**Requirement:** Line by line, repeat the material below exactly and leave the images out.

**Recorded information:**
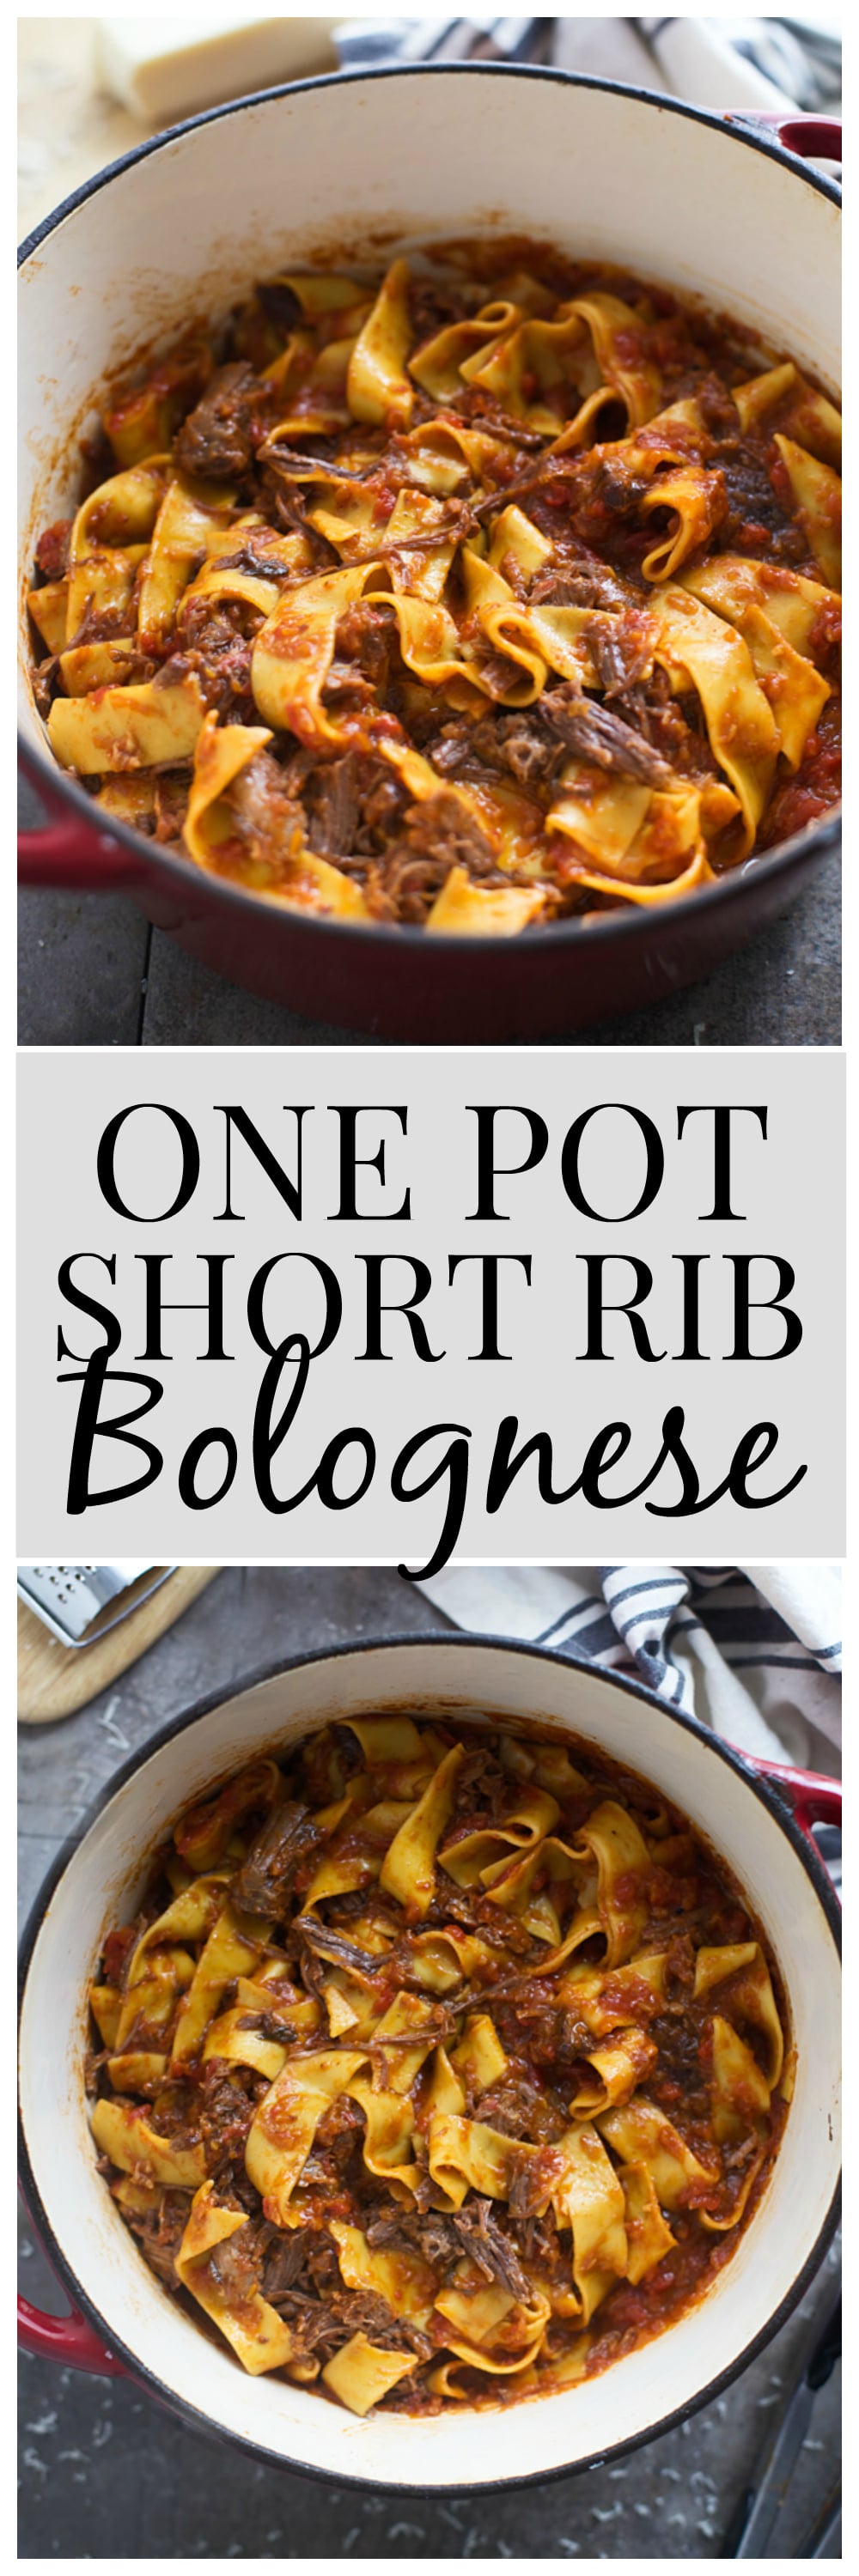 One Pot Short Rib Bolognese
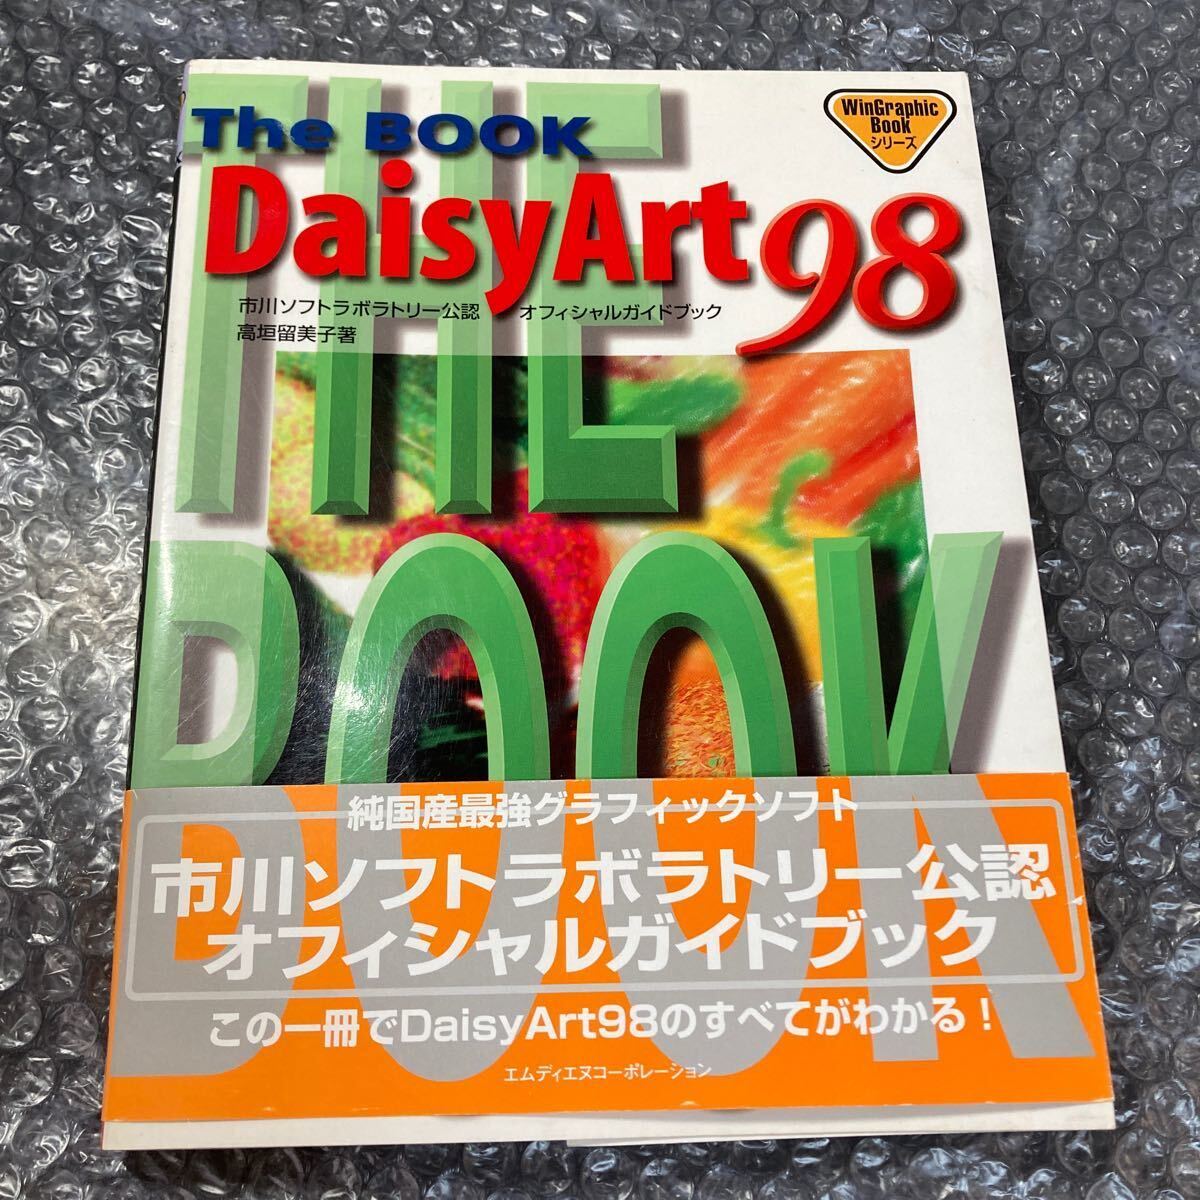  daisy art 98/Daisy Art98 CD-ROM, daisy ko Large .CD-ROM, instructions 3 pcs. + publication The BOOK DaisyArt98 official guidebook 
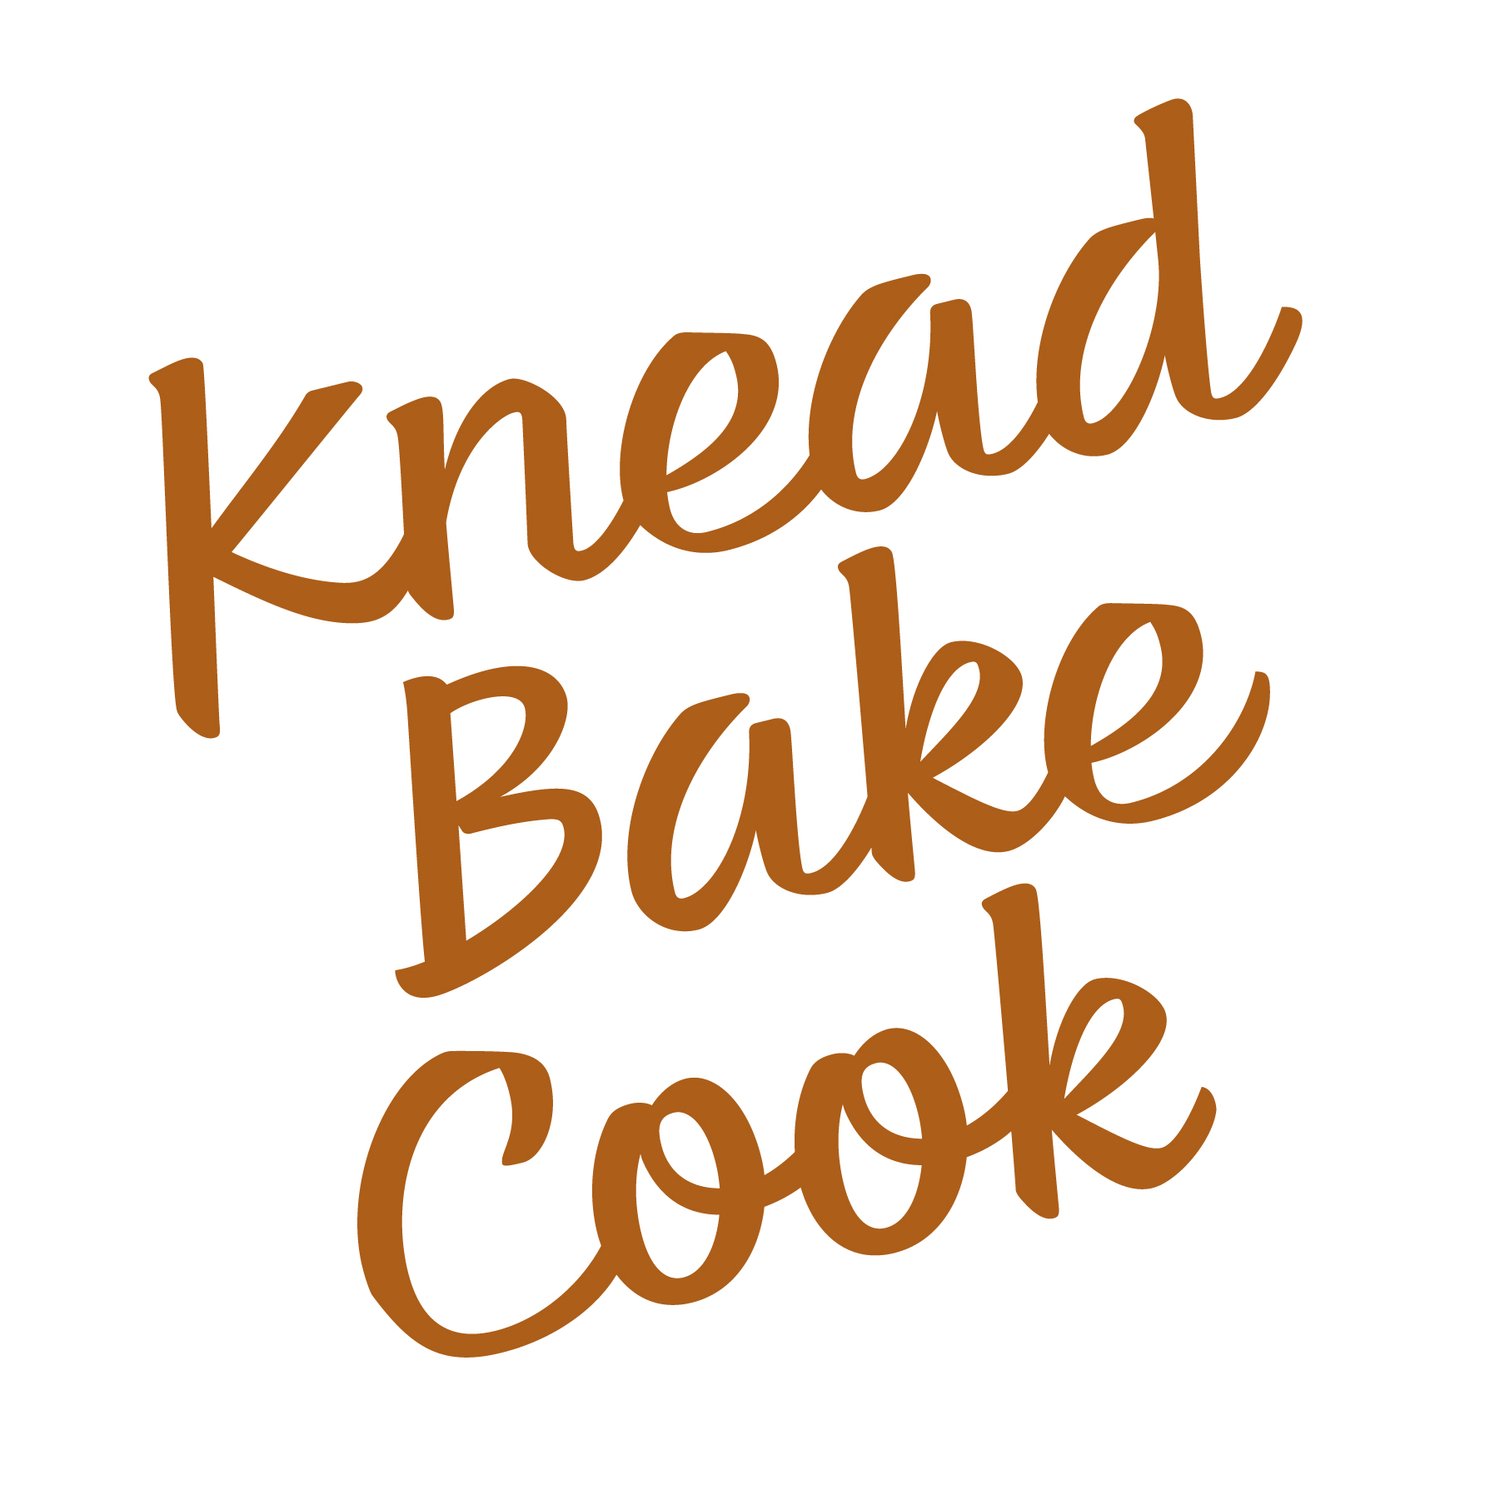    knead. bake. cook.

**Expected output:**
 One Pot Short Rib Bolognese
  daisy art 98/Daisy Art98 CD-ROM, daisy ko Large .CD-ROM, instructions 3 pcs. + publication The BOOK DaisyArt98 official guidebook 
    knead. bake. cook.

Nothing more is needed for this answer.